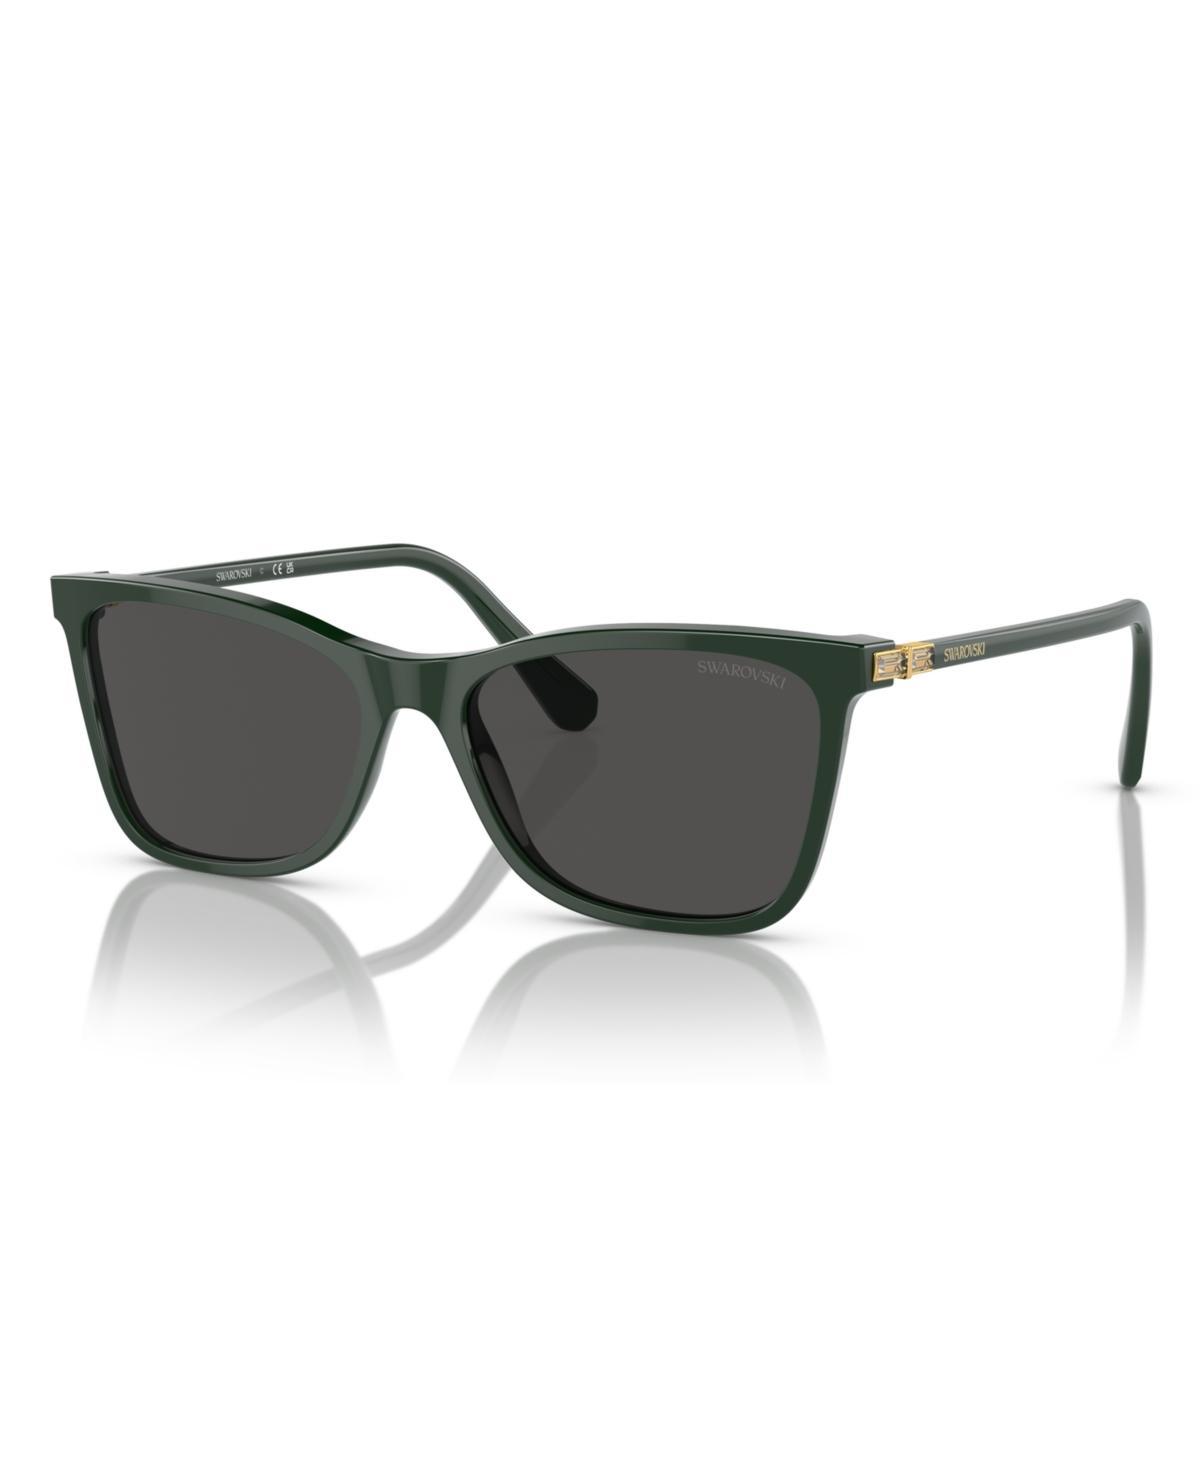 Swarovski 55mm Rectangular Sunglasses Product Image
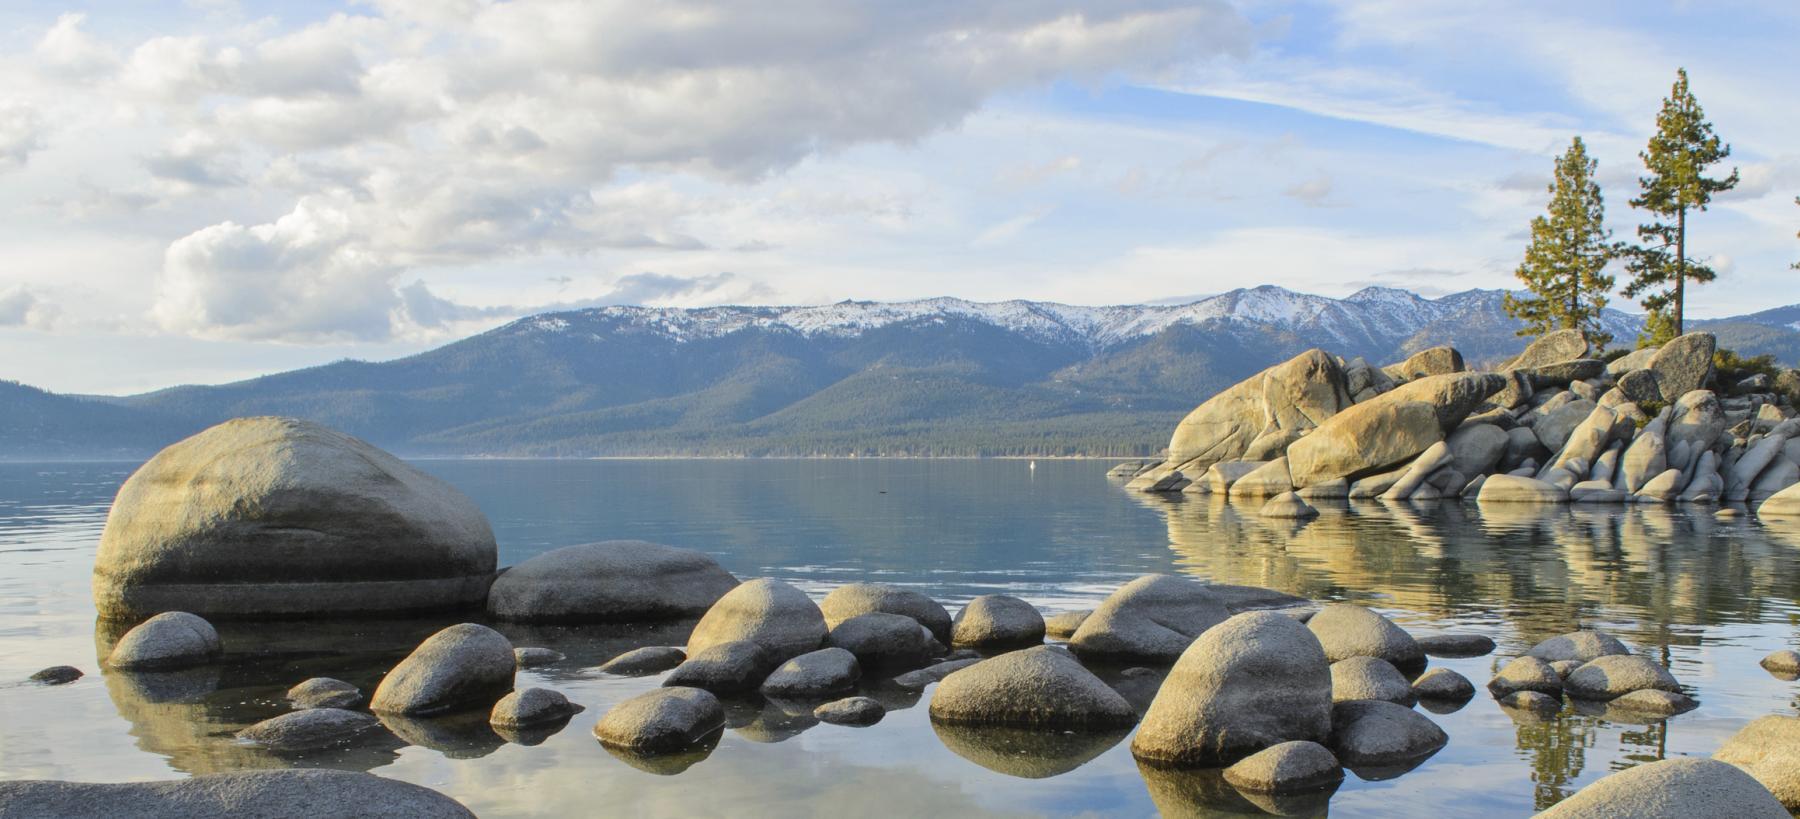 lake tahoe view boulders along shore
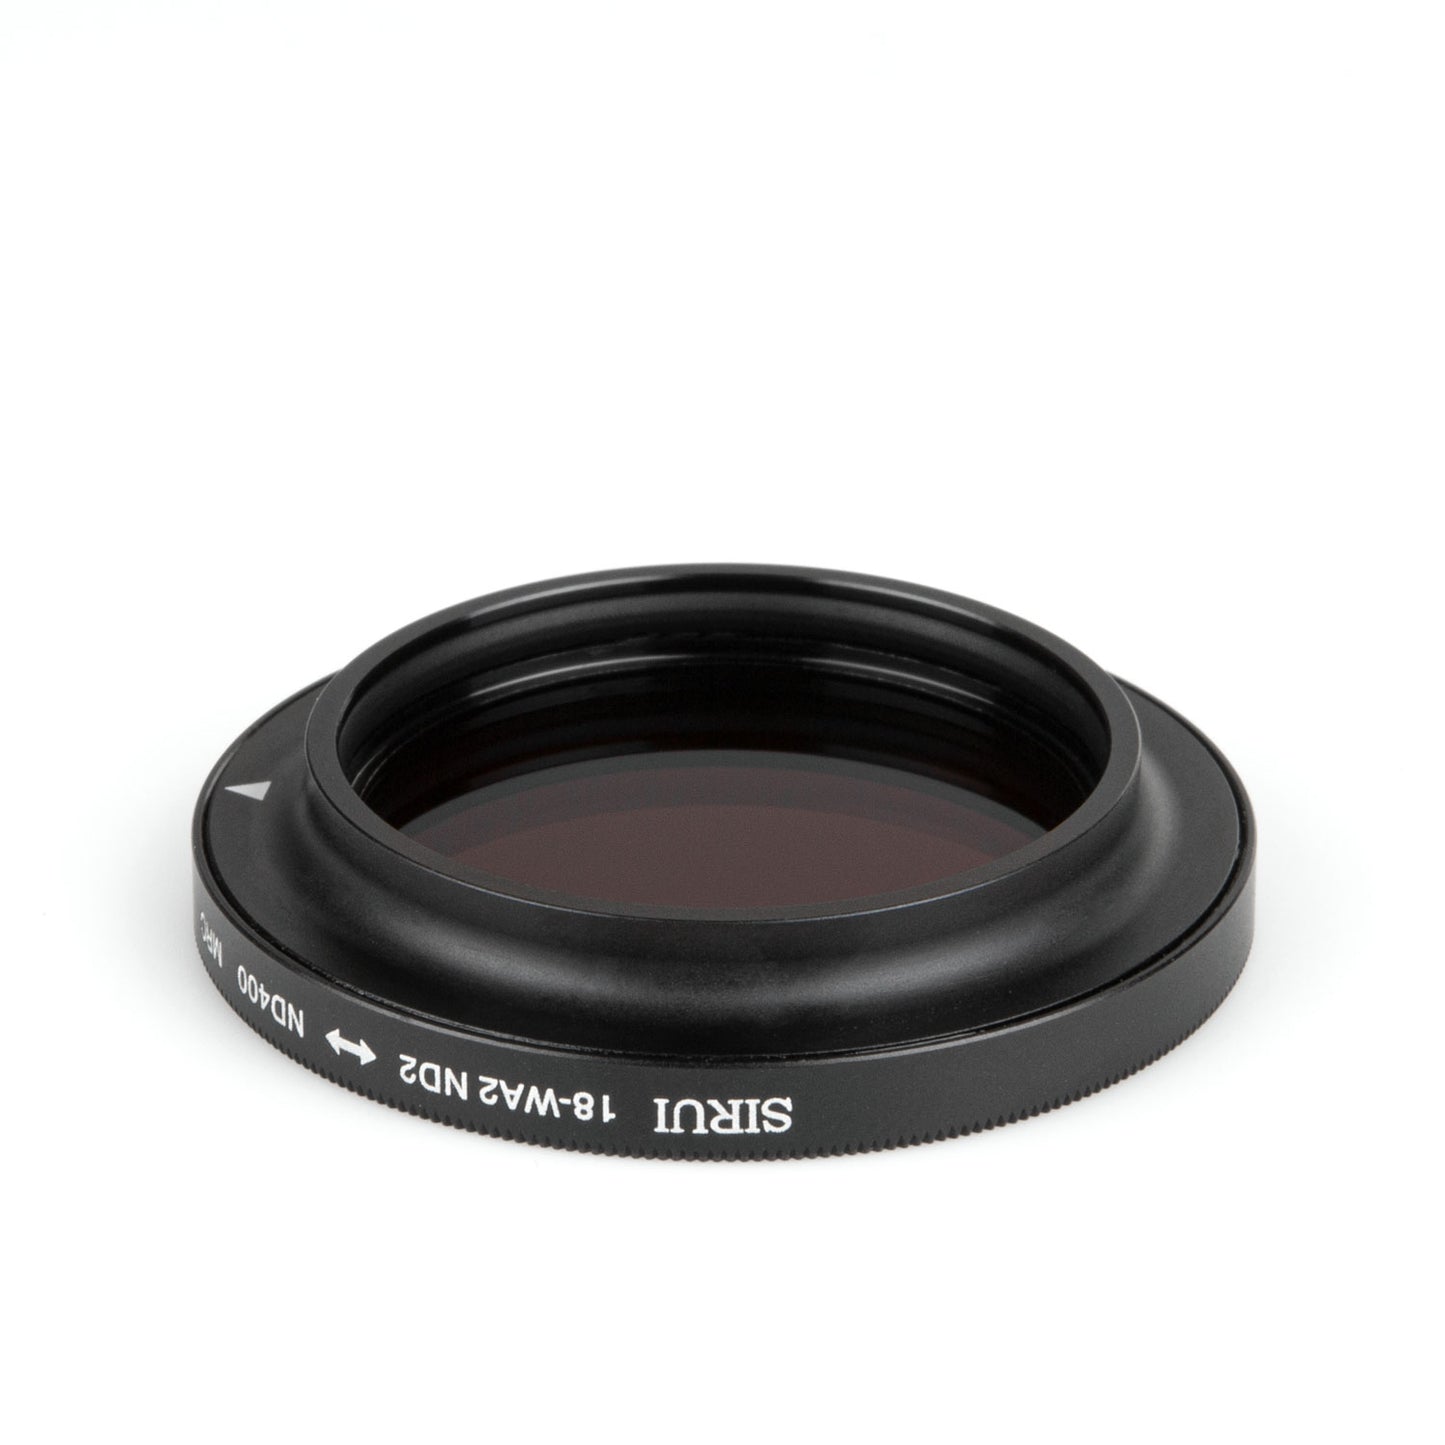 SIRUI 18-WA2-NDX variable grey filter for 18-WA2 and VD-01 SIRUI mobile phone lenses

● ● ● ● ●

• Assignment
What you output must be exactly the lines from the line with "lake tahoe view boulders along shore" through the last line of the listing, pictures excluded.

• Task output
 lake tahoe view boulders along shore
 SIRUI 18-WA2-NDX variable grey filter for 18-WA2 and VD-01 SIRUI mobile phone lenses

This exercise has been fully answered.